The Story Of My Life

The Story Of My Life
Part 2 Pilih Selingkuh



Di lain tempat bak pengendara motor profesional Jonathan dengan kecepatan 400 Km/jam seperti Valentino Rinso ekh Rosi pembalap yang selalu memajukan motornya dengan kecepatan tinggi, ya iyalah kan namanya juga pembalap.


Sambil sesekali melirik jam tangan Jonathan sedikit resah,


"Waduh, setengah jam sebentar lagi nih," bingung Jonathan.


setelah sampai rumah Hana yang bersebelahan rumah Alvin, Jonathan langsung berpamitan.


"Hanny, aku pergi dulu ya, bye," terang Jonathan.


"Oke, hati hati ...."


Dengan terburu-buru Jonathan langsung melajukan motornya dan dijalan dia sempat nyasar ke rumah orang dan di sangka mau menculik anak yang sedang bermain disebuah halaman rumah.


“Waduh, hari ini gue kena sial nih,” pikir Jonathan setelah meminta maaf kepada pemilik rumah yang membiarkan anak balita nya berkeliaran sendiri di halaman rumah.


Setelah lama mencari akhirnya ketemu juga rumah kekasihnya itu.


"Jonathan, kamu udah terlambat 20 menit, baru aja aku mau berangkat sendiri!" bentak Bila.


"Sorry ay tadi aku sempat nyasar, udah dua kali aku nyasar soalnya banyak gang sih,"


“Oke aku maafin, kamu mau minum apa?”


“Gak usah langsung aja di resto. Ayo..!”


Akhirnya mereka berdua pergi, cerita cinta mereka berdua memang seperti perangko lengket banget.


"Coba aja kalau Hana seperti Bila pasti udah gue temenin 24 jam non stop pake motor dah, tapi Hana itu sok jaim sih, itu yang buat gue nggak suka!

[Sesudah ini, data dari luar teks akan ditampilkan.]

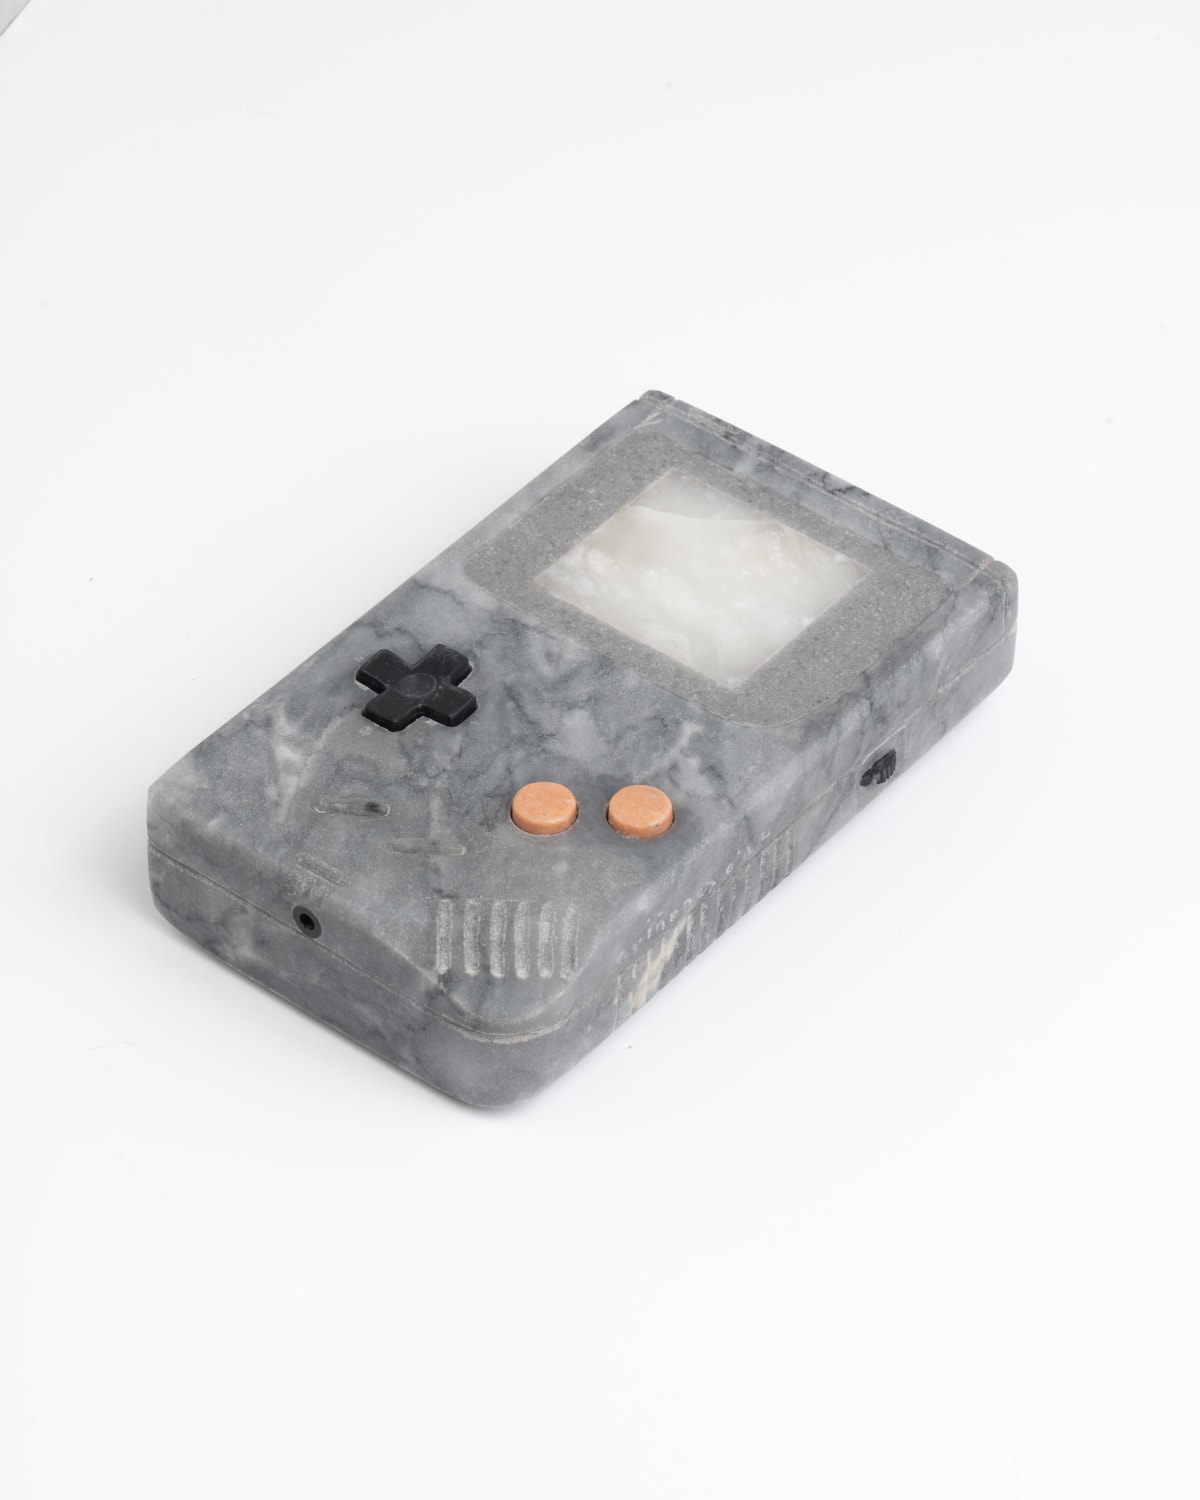 Game Boy. Elogio #5, 2022

Boro-boro meluk, pegangan tangan aja kaya yang jijik gitu, apa gue harus milih Bila ya ketimbang Hana? atau nggak kedua-duanya aja kali ya?" Batin Jonathan.


"Bil, kamu mau makan apa nanti di resto?"


"Apa aja deh yang penting di pilihin sama kamu,"


"Gimana kalau steak? atau nggak pizza gitu?"


"Boleh juga tuh ... udah kebayang nih gimana rasanya,"


"kalau minumannya apaan?"


"Great, pilihan yg great say," puji Jonathan.


.


.


.


Sementara itu di lain tempat Hana sedang melamun di meja makan nggak tau makanan apa yang harus dia makan, soalnya lauk untuk menu makannya habis, tapi tiba-tiba saja satu pikiran muncul.


"Gimana kalau gue telpon Jonathan aja ya?" tapi tiba-tiba dia berubah pikiran. "Langsung telpon ke rumahnya aja sekalian untuk memastikan dia bener jemput ibunya atau …."


Hana kemudian berlari ke kamarnya untuk memastikan sesuatu dan memencet tombol telpon, Hana mencoba untuk memastikan, lagi pula pasti yang angkat adiknya Jonathan, Aisyah yang udah di anggap sebagai adik Hana sendiri.


"Ya, Hallo,"


"Hallo, bisa bicara dengan Aisyah?"


"Iya ini aku ... emm, ini siapa ya?"


“Ini kak Hana, apa Kak Jonathan udah antar Ibu kamu? "


"Nggak kak, ini aku malah lagi bareng Mama,"


"Jadi Ibunya kak Jonathan udah balik?" tanya Hana.


"Nggak, mama nggak kemana-mana, emangnya kak Jonathan bilang apa ke kakak?" jelas Aisyah.


Setelah mendengar kenyataan bahwa Jonathan berbohong, Hana jadi sedikit shock.


"Nggak, nggak bilang apa apa kok ... ya udah nanti kalau kak Jonathan pulang salamin aja ya dari kak Hana,”


"Oklah kak," Aisyah menutup telponnya.


"Lagi-lagi dia bohong ke aku, sebenarnya dia kemana sih? apa dia beneran selingkuh?" Hana mengingat kembali kejadian di toilet futsal dan mendapati wajah Jonathan pucat saat itu, berarti dia?


"Huh udah jelas dia selingkuh!! tapi kalau aku ngomong ke dia tanpa bukti dan alibi dia pasti mengelak. Udah 2 kali aku maafin dia pas kepergok sama cewe lain dan dia berjanji nggak akan ulangi kesalahan lagi, tapi nyatanya?"